Per-message latency increases by **up to `max_wait`**. With
`max_wait=10ms` and a load of 32 concurrent connections, batches
fill in 1-5ms in practice. Under truly low load (single message
in flight), the executor waits the full `max_wait` before
flushing — that's 10ms tail added to every delivery. The win
appears when load is high enough to fill the batch before the
timeout.

## What this crate does NOT do

- No **SMTP / LMTP protocol** — caller's session driver parses
  incoming mail and passes raw bytes.
- No **storage** beyond Maildir — for IMAP-backed or
  Dovecot-style backends, write your own executor over those
  primitives. The pattern (per-path accumulate + batch flush)
  is portable; this crate is just the Maildir variant.
- No **delivery scheduling** — first-come-first-served per
  path.
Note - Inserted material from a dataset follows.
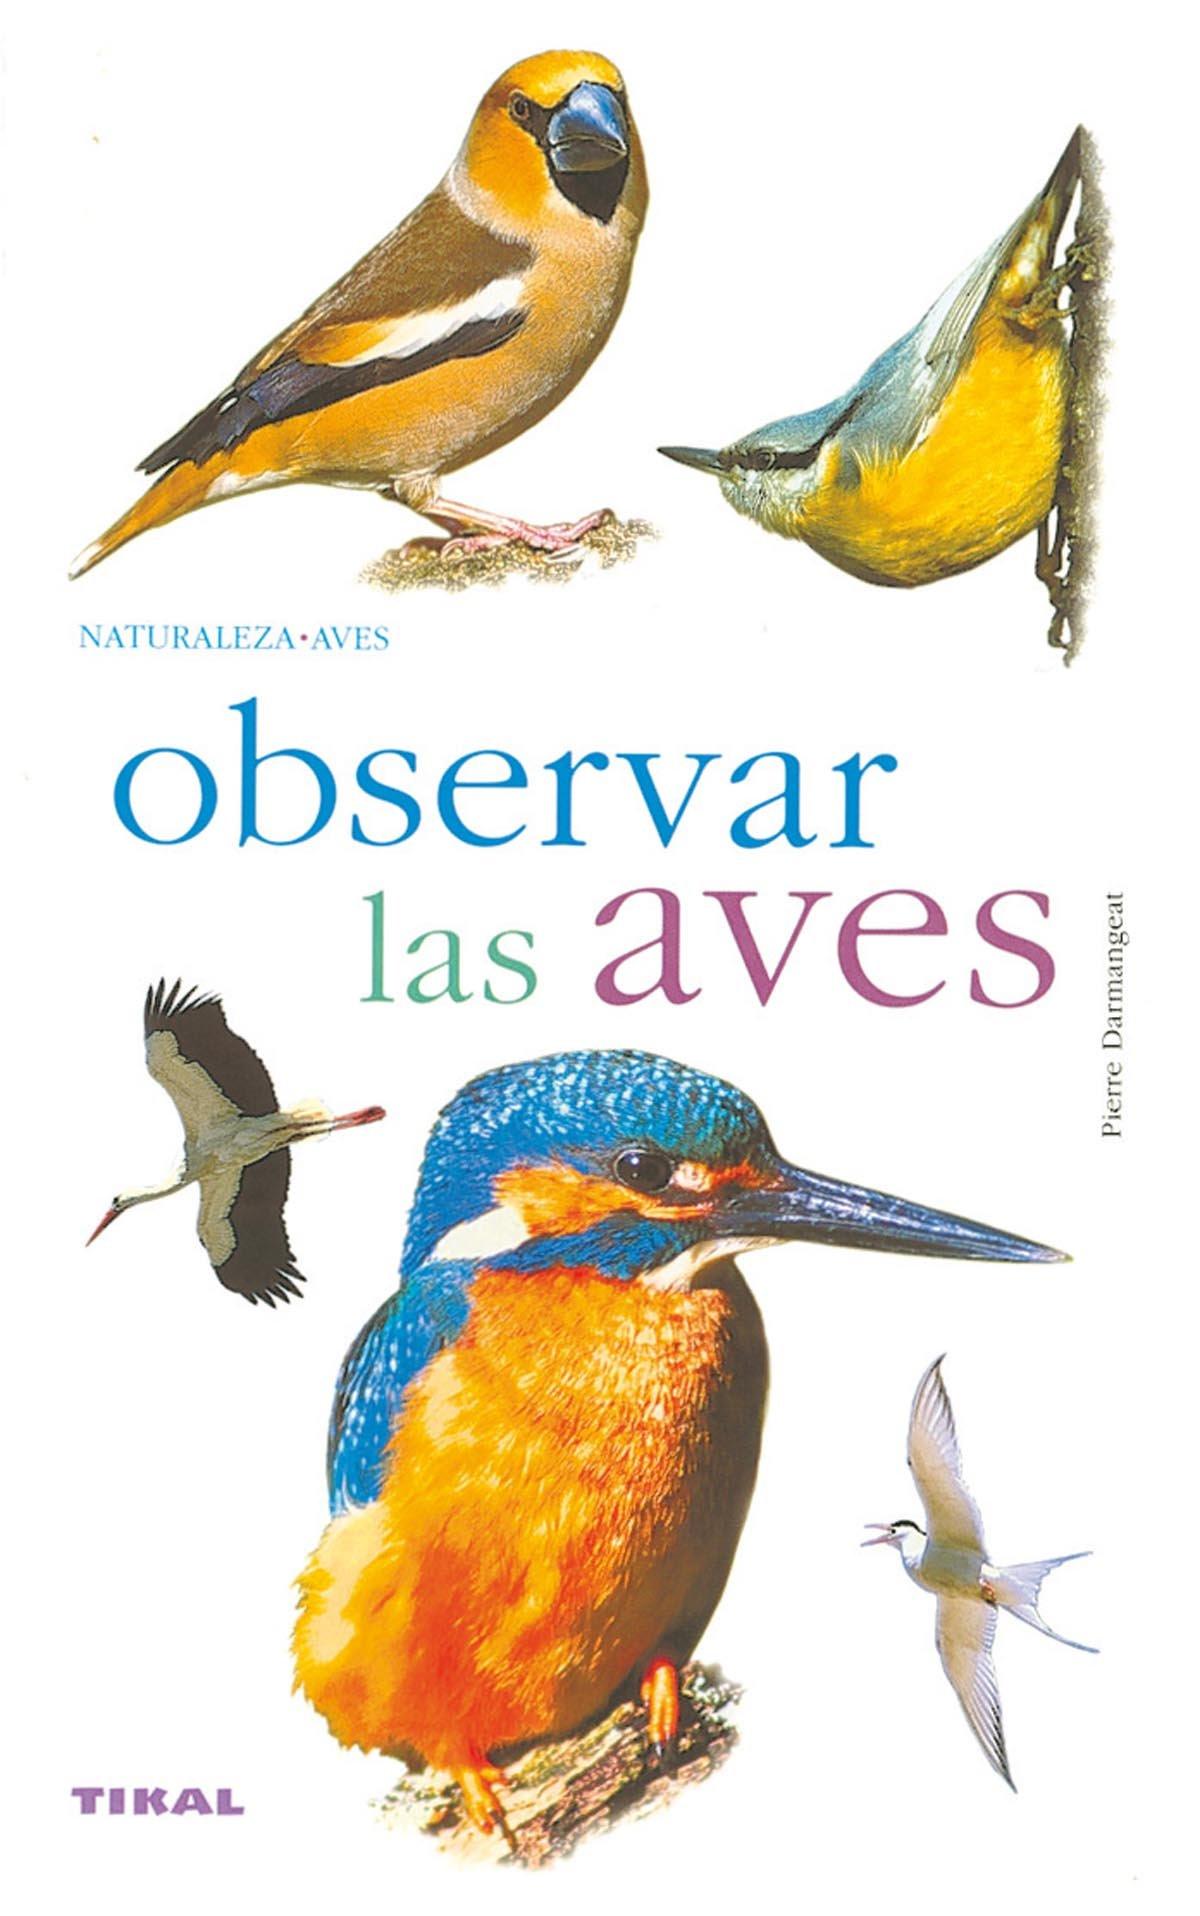 Observar Las Aves(Naturaleza-Aves): Amazon.es: Darmangeat, Pierre: Libros

For priority queues use a different executor.

<!-- AUDIT-FOOTER:BEGIN -->

## Stone audit (v3 cycle, 2026-05-25)

| Axis | Status |
|---|---|
| **doc** | ✅ clean (`cargo doc --no-deps -p mailrs-delivery-executor`) |
| **test** | line cov: 96.1% (`cargo llvm-cov -p mailrs-delivery-executor --summary-only`) |
| **bench** | ✅ 1 file(s) criterion + ✅ 0 gate(s) `perf_gate.rs` |
| **size** | release rlib: 241 KB |
| **fuzz** | ❌ none |
| **mem**  | dhat profile pending (v3.4 backlog) |

### Competitor comparisons (from PERFORMANCE.md)

- | SMTP receive throughput, **post DeliveryExecutor** (`mailrs-delivery-executor` 1.0 group-commit, 2026-05-24) | **999 msg/s mean across 3 × 30s × 32 conns** (rounds: 1045 / 972 / 979). **3.4×** vs the immediately-prior 291 msg/s baseline (same hardware, same bench). **P50 32 ms** (vs 105 ms baseline = **3.3× faster**), **P99 41 ms** (vs 163 ms = **4.0× faster**), **P999 76 ms** (vs 199 ms = **2.6× faster**). All four UX axes — throughput, p50, p99, p999 — improve simultaneously; no axis regresses. The win comes from group-commit: 32 concurrent SMTP sessions delivering to the same Maildir path now share a single fsync per batch (max_batch=64, max_wait=10ms) via `mailrs-delivery-executor`'s mpsc → `Maildir::deliver_batch` pipeline, instead of each session driving its own per-message fsync. | `cargo build --profile release-debug -p mailrs-server --bench smtp_load && $CARGO_TARGET_DIR/release-debug/deps/smtp_load-* --duration 30 --conns 32 --warmup 5` |
- | SMTP receive throughput, **post pipelined DeliveryExecutor** (`mailrs-delivery-executor` 1.1, max_concurrent_flushes=2, 2026-05-24) | **1079 msg/s mean across 3 × 30s × 32 conns** (rounds: 1074 / 1073 / 1089). **+8%** vs the 1.0 serial-flush 999 msg/s. **P50 29 ms** (-9%), **P99 36 ms** (-12%), **P999 45 ms (-41%)** — tail latency is the headline win. Mechanism: while batch A's fsync is in flight on a `spawn_blocking` thread, batch B starts collecting concurrently; a `Semaphore`-bounded pipeline of 2 in-flight flushes hides disk-wait behind batch-collection latency without queuing unbounded fsyncs. Cumulative since the perf-axis kickoff (#127): **291 → 1079 msg/s = 3.71× throughput**, **P999 199 → 45 ms = 4.4× faster tail**. | Same reproduce command as the 1.0 row above; binary uses the new published `mailrs-delivery-executor` 1.1 default tuning. |

<!-- AUDIT-FOOTER:END -->

## License

Apache-2.0 OR MIT.

## Performance

Criterion benches: `cargo bench -p mailrs-delivery-executor`. Per-bench medians + regression budgets are documented in [`BUDGETS.md`](BUDGETS.md) (this crate) and the workspace [`PERFORMANCE.md`](../../PERFORMANCE.md).